Again, while the efficacy of povidone iodine ointment in decreasing bacteremia and local infection has been shown [8] in HD patients with long-term catheters, results of randomized studies of prophylactic use of povidone iodine ointment applied to insertion sites of short-term catheters for the prevention of CR-BSI are inconclusive (relative risk 1.0, 95% CI 0.1 to 7.1 [2]). However, given the results of small before-and-after studies, RCTs should be promoted to test povidone iodine ointment efficacy in ICU settings [9].
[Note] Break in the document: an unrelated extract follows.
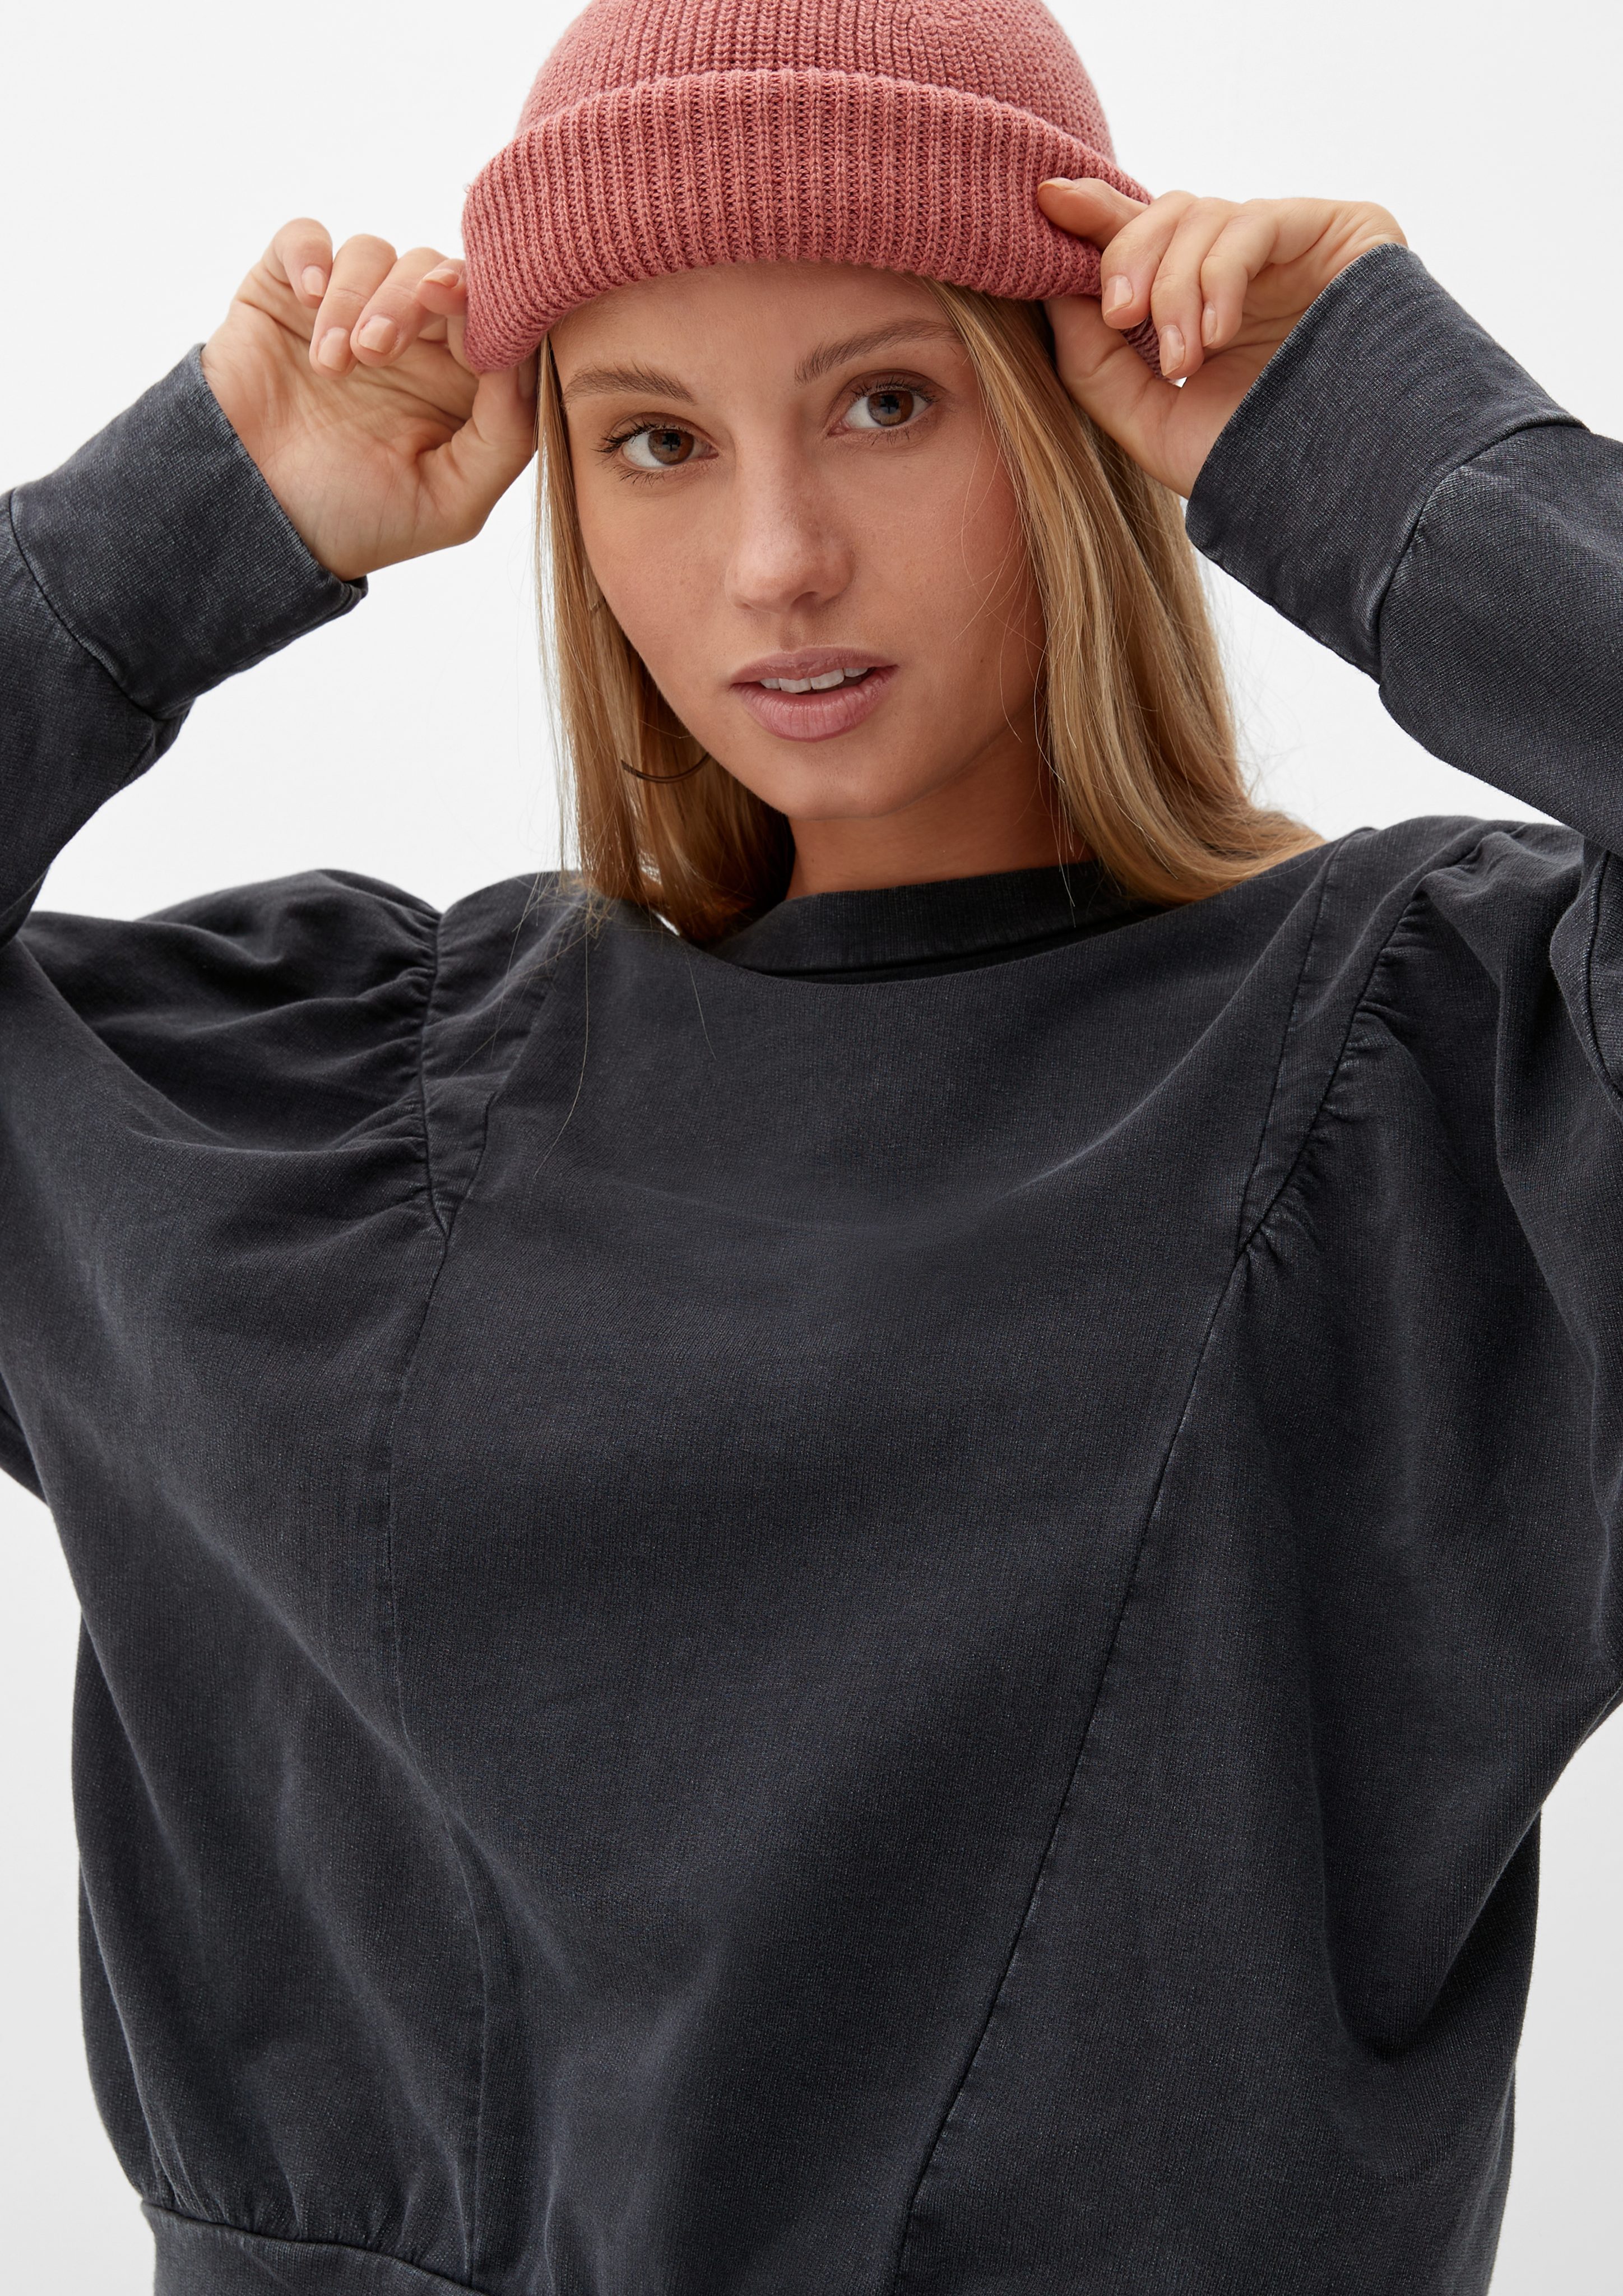 Sweatshirt in aus s.Oliver Optik by Sweatware in Raffung, Q/S Qualität, melierter weicher Sweatshirt Baumwolle,

Application of mupirocin ointment to insertion sites for temporary HD catheters reduces the risk for CR-BSI with Staphylococcus aureus (relative risk 0.1, 95% CI 0.0 to 0.7) [6]. However, the emergence of mupirocin-resistant organisms and interference with the polyurethane of the catheters limit its use.
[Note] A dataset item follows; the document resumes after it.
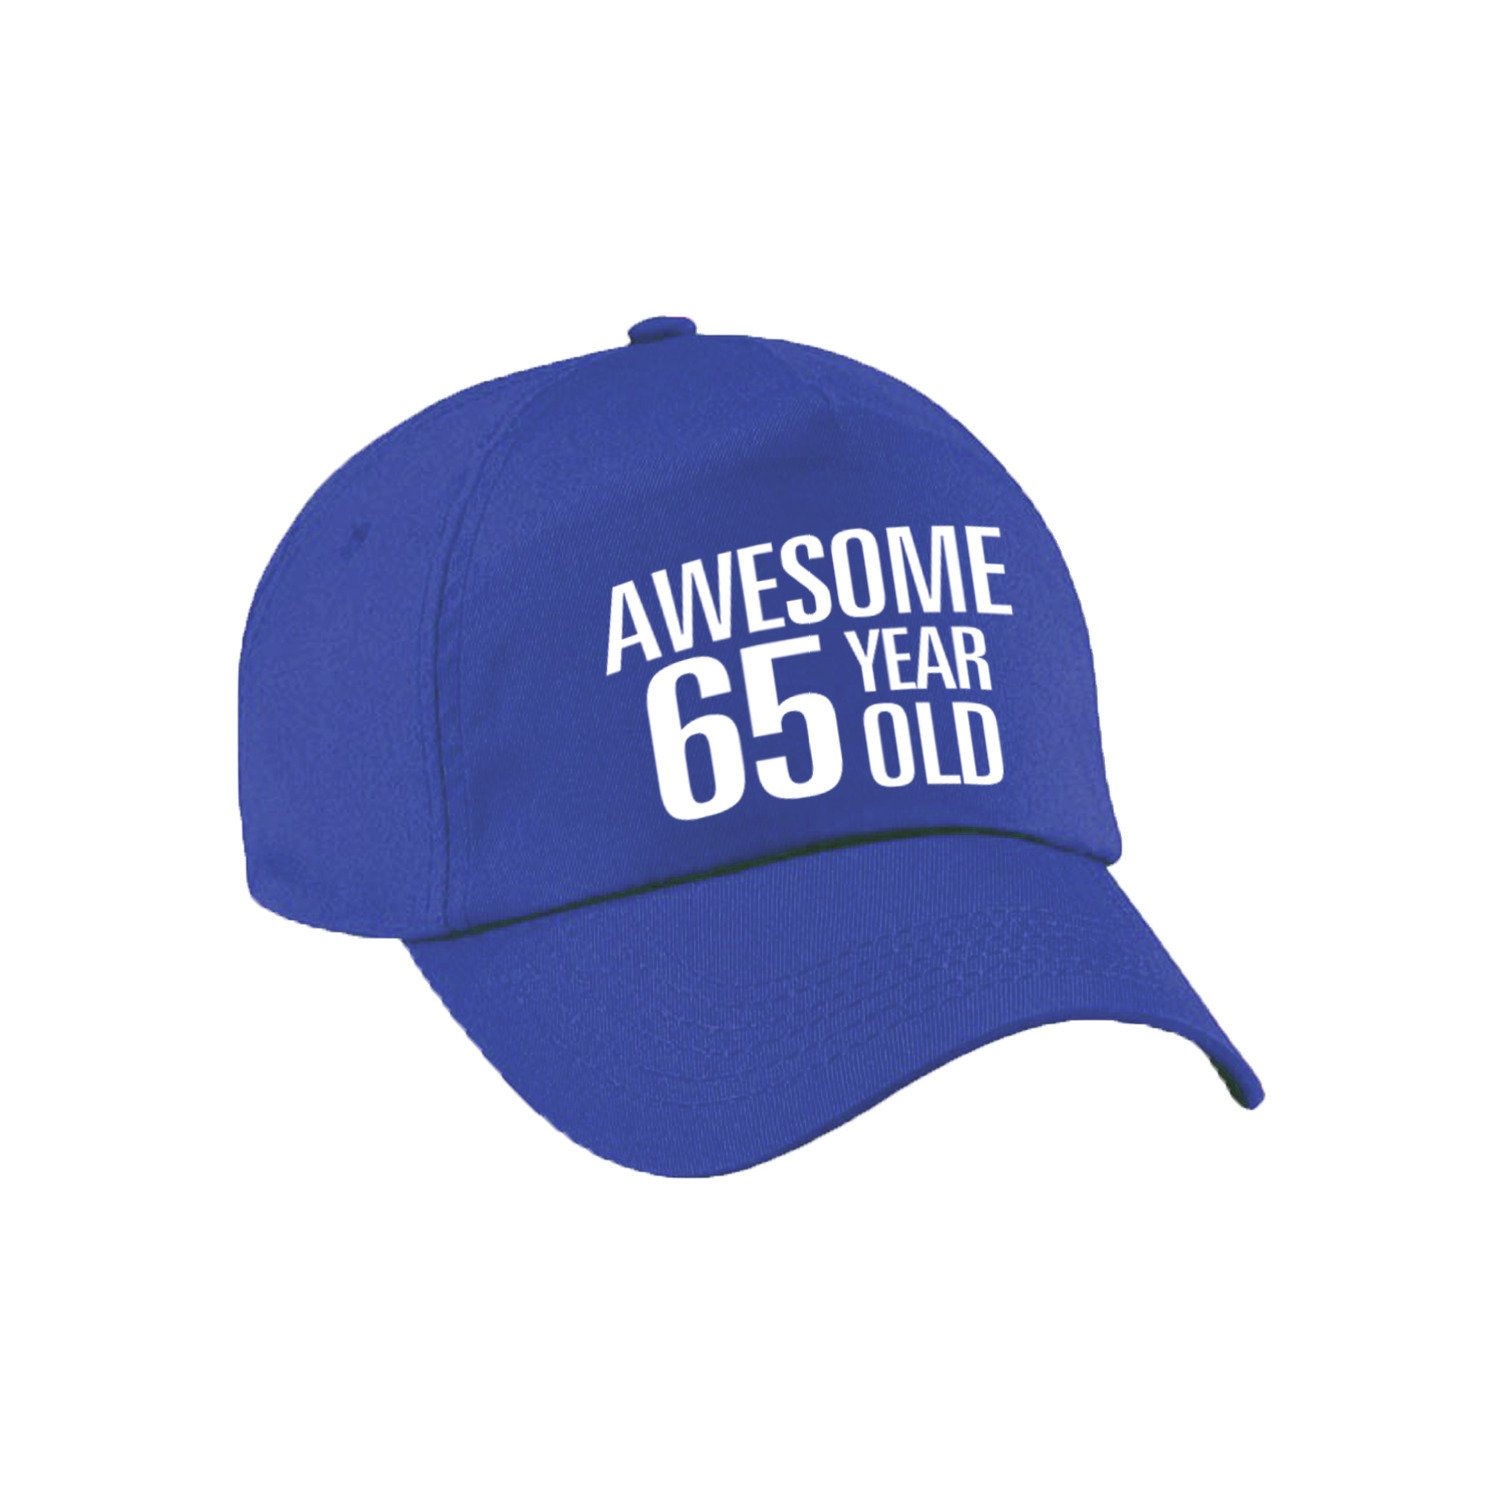 Awesome 65 year old verjaardag pet / cap blauw voor dames en heren

Honey is known to possess antimicrobial properties. Activity is due to the approximately 80% sugar content, low pH, free radical production and other floral or bee components. Antimicrobial properties vary according to the environment where honey is collected and microbial resistance has never been reported. On healthy volunteer skin, medical grade honey is effective at concentrations greater than 20% for antibiotic-susceptible and -resistant bacteria [10]. For CR-BSI prevention, honey was as effective as mupirocin in long-term HD patients [6]. In a recent issue of Critical Care, Kwakman and colleagues report results of a single-ICU open-label RCT testing the added effect of medical grade honey in decreasing cutaneous colonization and infection of central vein catheters [11]. They found that colonization at the last sampling was nearly identical between patients with and without honey.
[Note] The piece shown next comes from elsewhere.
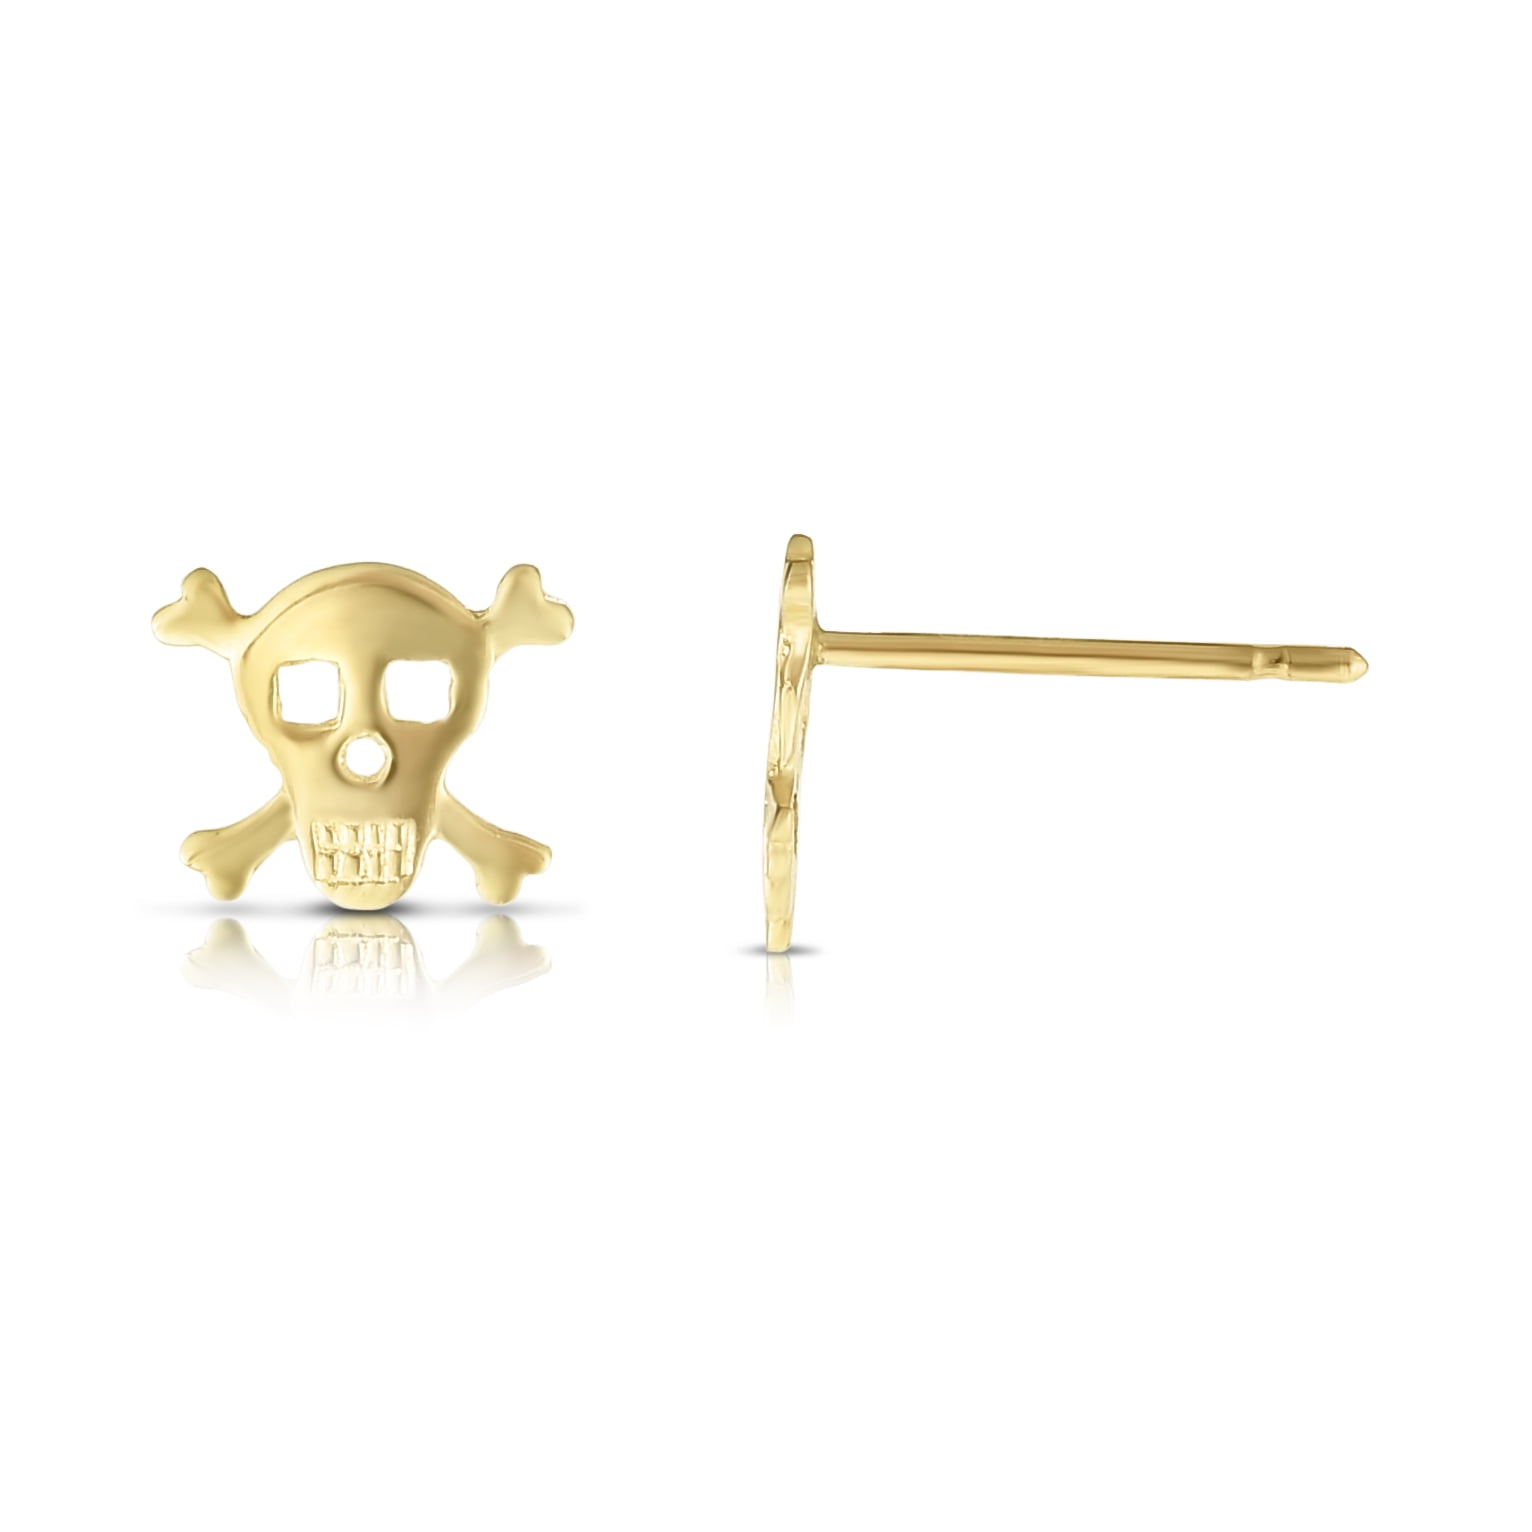 Skull Bone Skeleton Stone Stud Earrings Screw Back 14k Yellow Gold Tiny Light

As the authors pointed out, the absence of efficacy of honey might be due to dilution or inactivation of honey in the skin moistures of diaphoretic patients, or to dressing disruption. Indeed, we found that transparent dressing changes earlier than the planned date because of disruption or leakage occurs up to 66% of the time in ICUs [12] and may favor topical antimicrobial leakage. These mechanisms may, more generally, explain the disappointing results with topical antimicrobials in preventing catheter-related infections in the ICU.

Conclusion

Further studies may use concentrations of topical antimicrobials that exceed by far the concentration necessary to kill skin microorganisms. However, considering the pathophysiology of CR-BSI with short-term catheter use, the potential of topical antimicrobials in decreasing catheter-related infection needs to be further tested.

Abbreviations

CI: confidence interval; CR-BSI: catheter-related bloodstream infection; HD: hemodialysis; RCT: randomized controlled trial.

Competing interests

JFT served as speaker in symposia for 3M and Ethicon and received research grants from Carefusion, 3M and Ethicon.